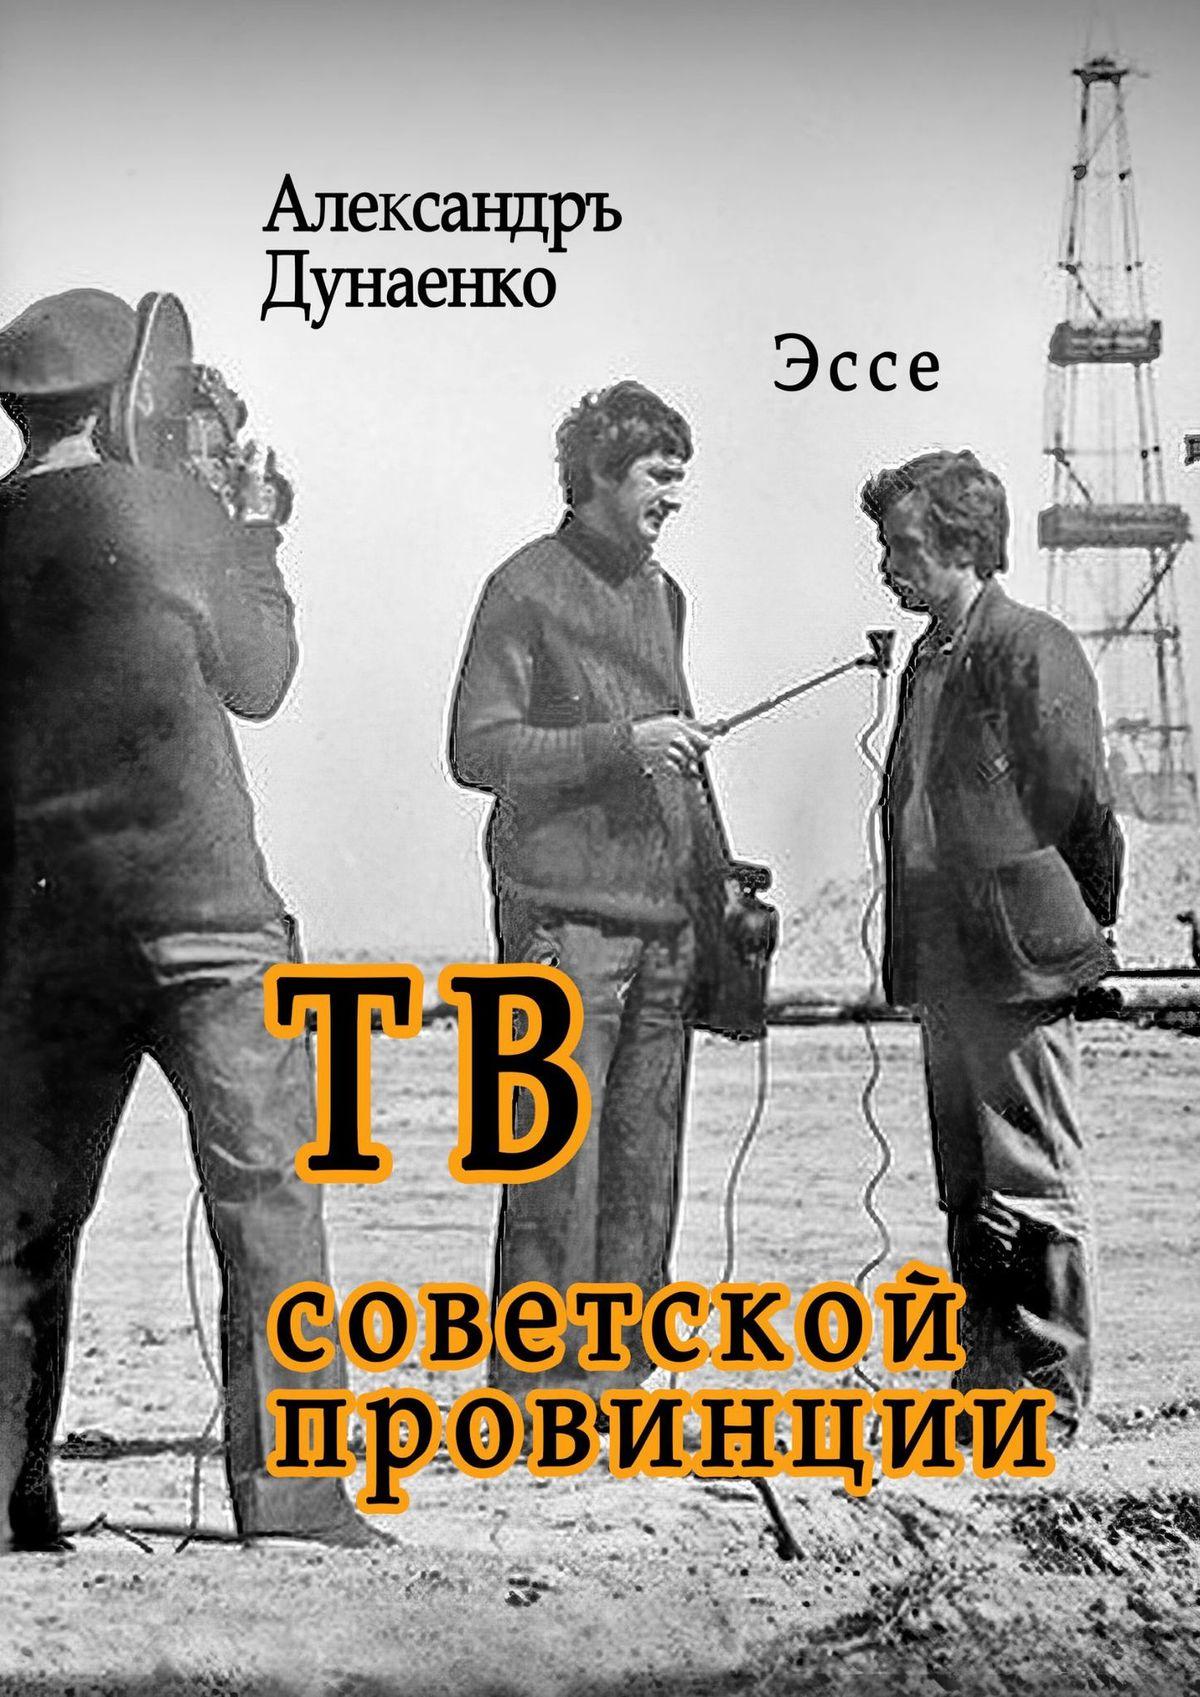 ТВ советской провинции. Эссе
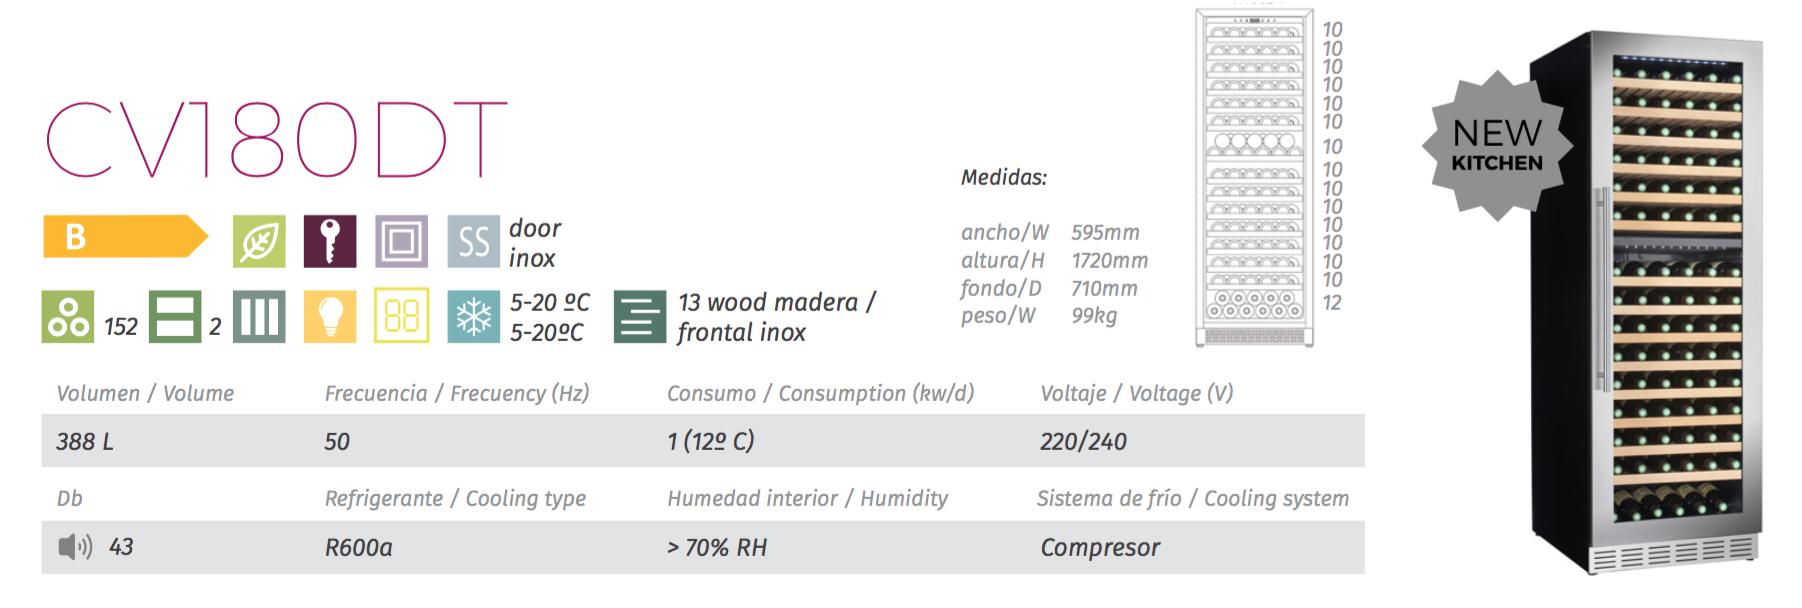 vinoteca cavanova CV180DT tabla caracteristicas
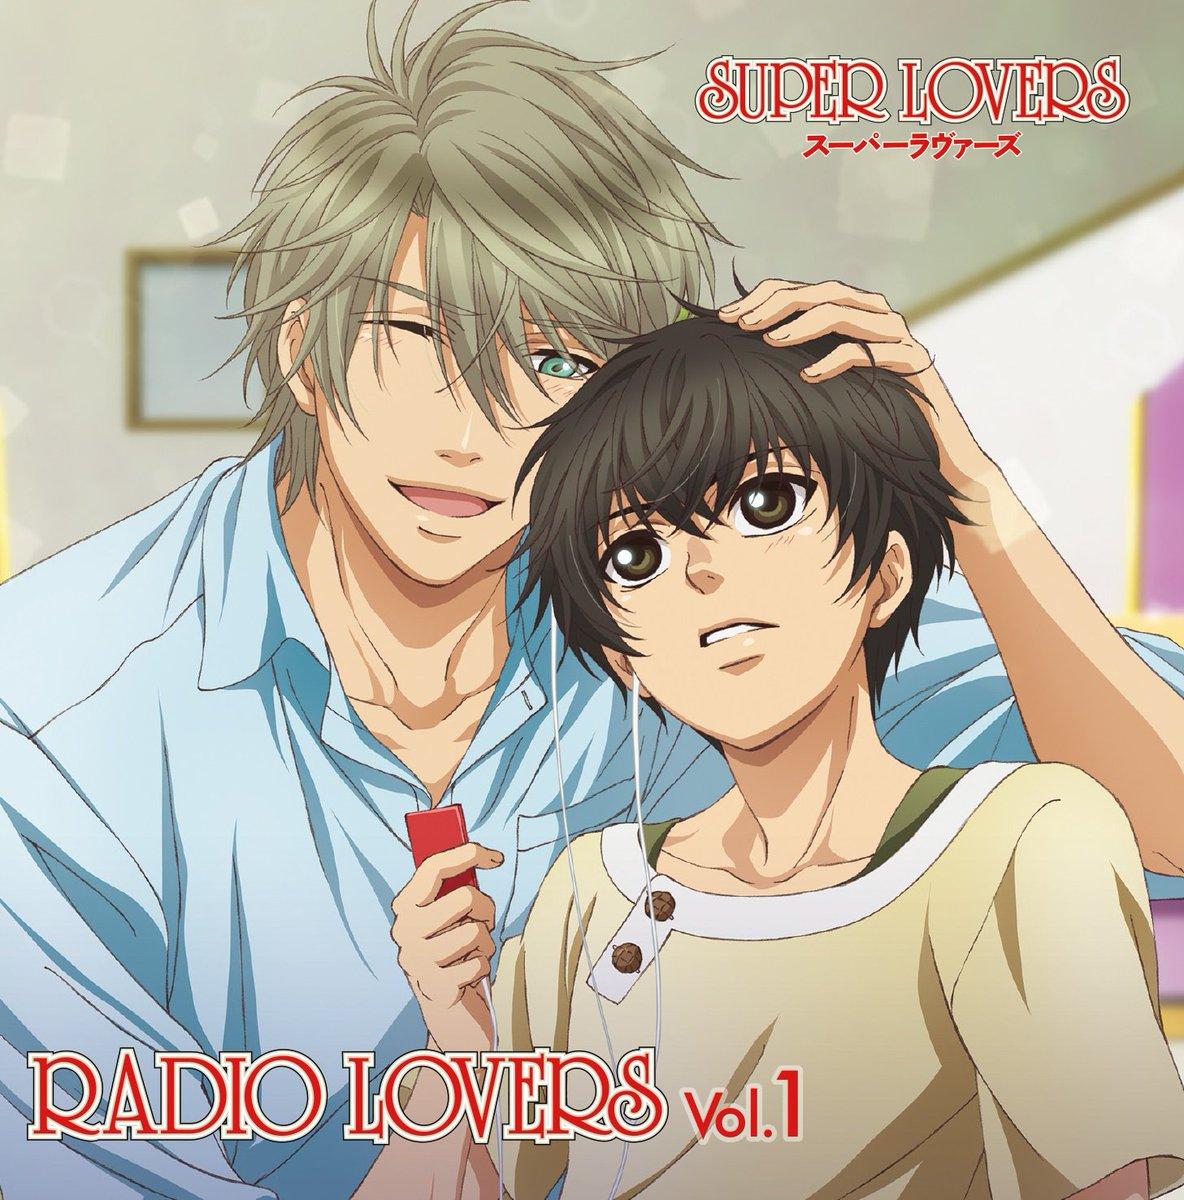 コミケ90<音泉>&音martブースにて、ラジオCD『TVアニメ「SUPER LOVERS」RADIO LOVERS』V
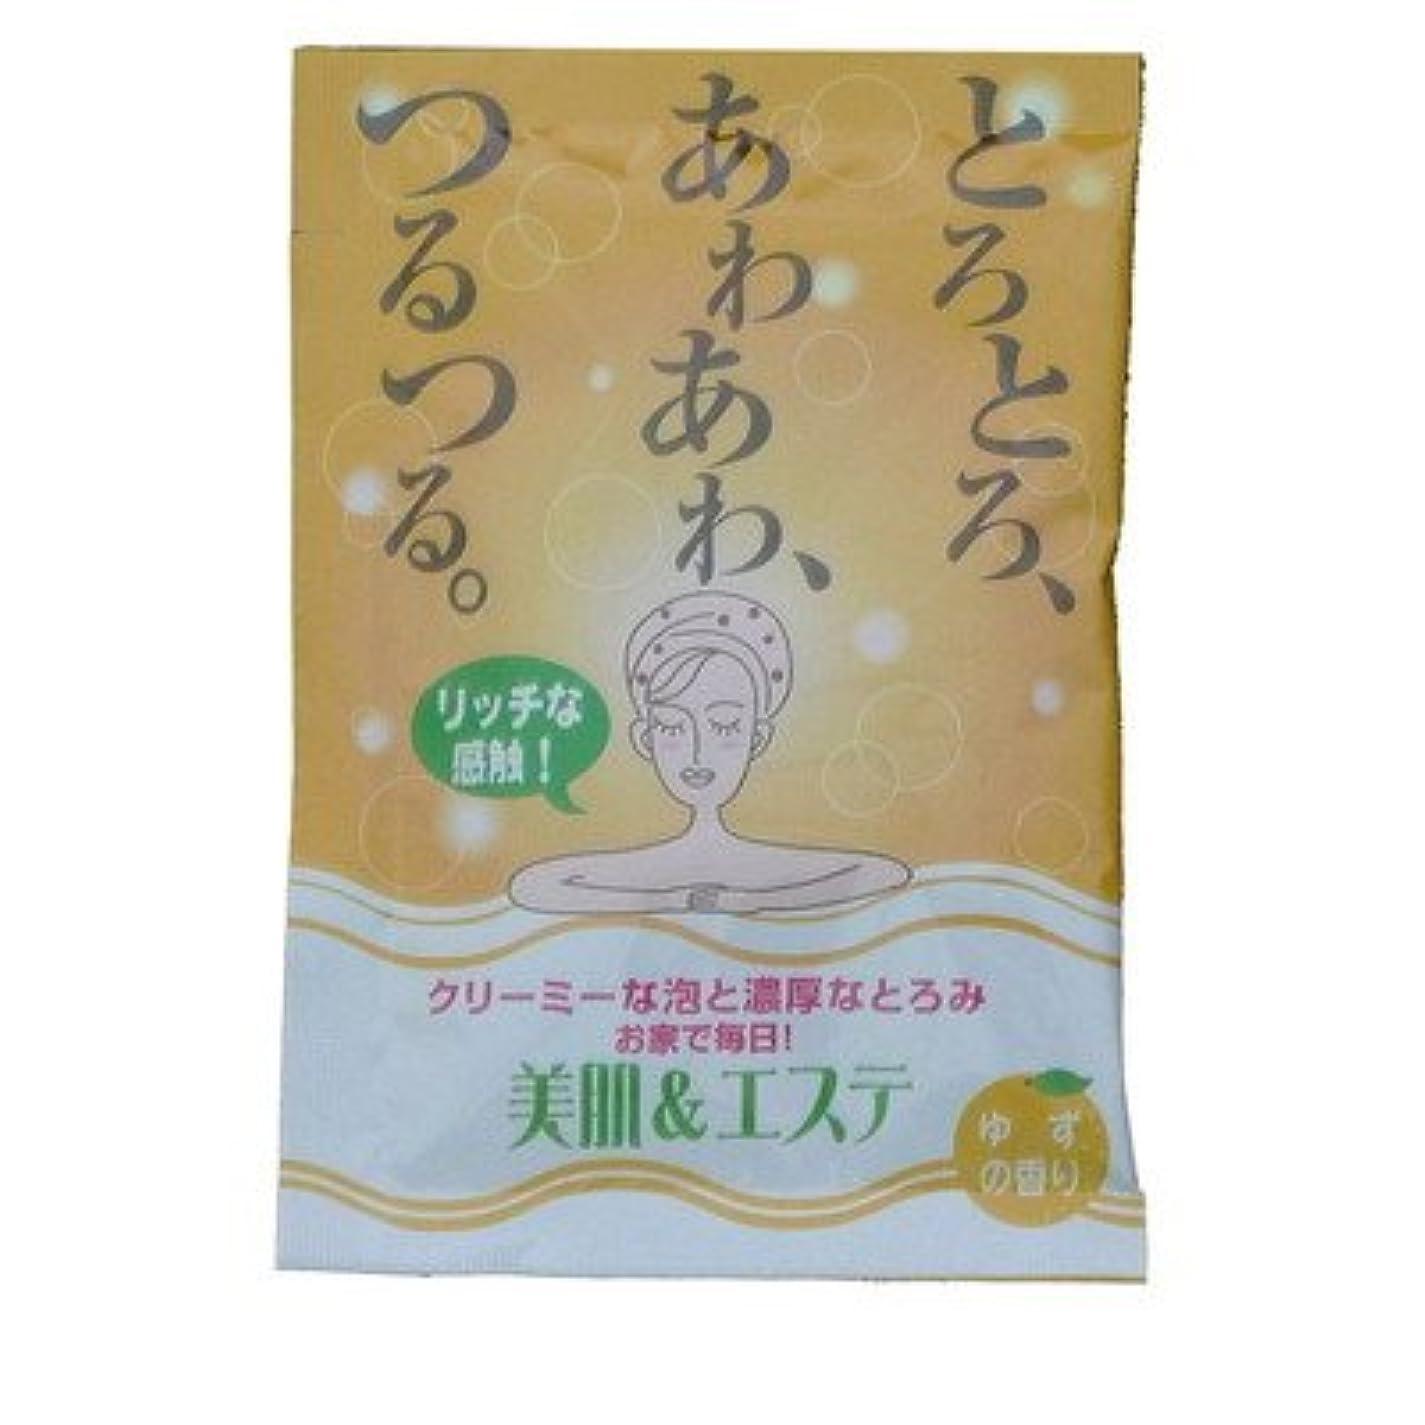 エステクリーミーバス ゆずの香り 30g 【3個パック】

──────────

• [Required work]: Reproduce the material word for word. Skip every picture it holds.

• [Answer space]:
 ТВ советской провинции. Эссе
 vinoteca cavanova CV180DT tabla caracteristicas
 コミケ90<音泉>&音martブースにて、ラジオCD『TVアニメ「SUPER LOVERS」RADIO LOVERS』V
 エステクリーミーバス ゆずの香り 30g 【3個パック】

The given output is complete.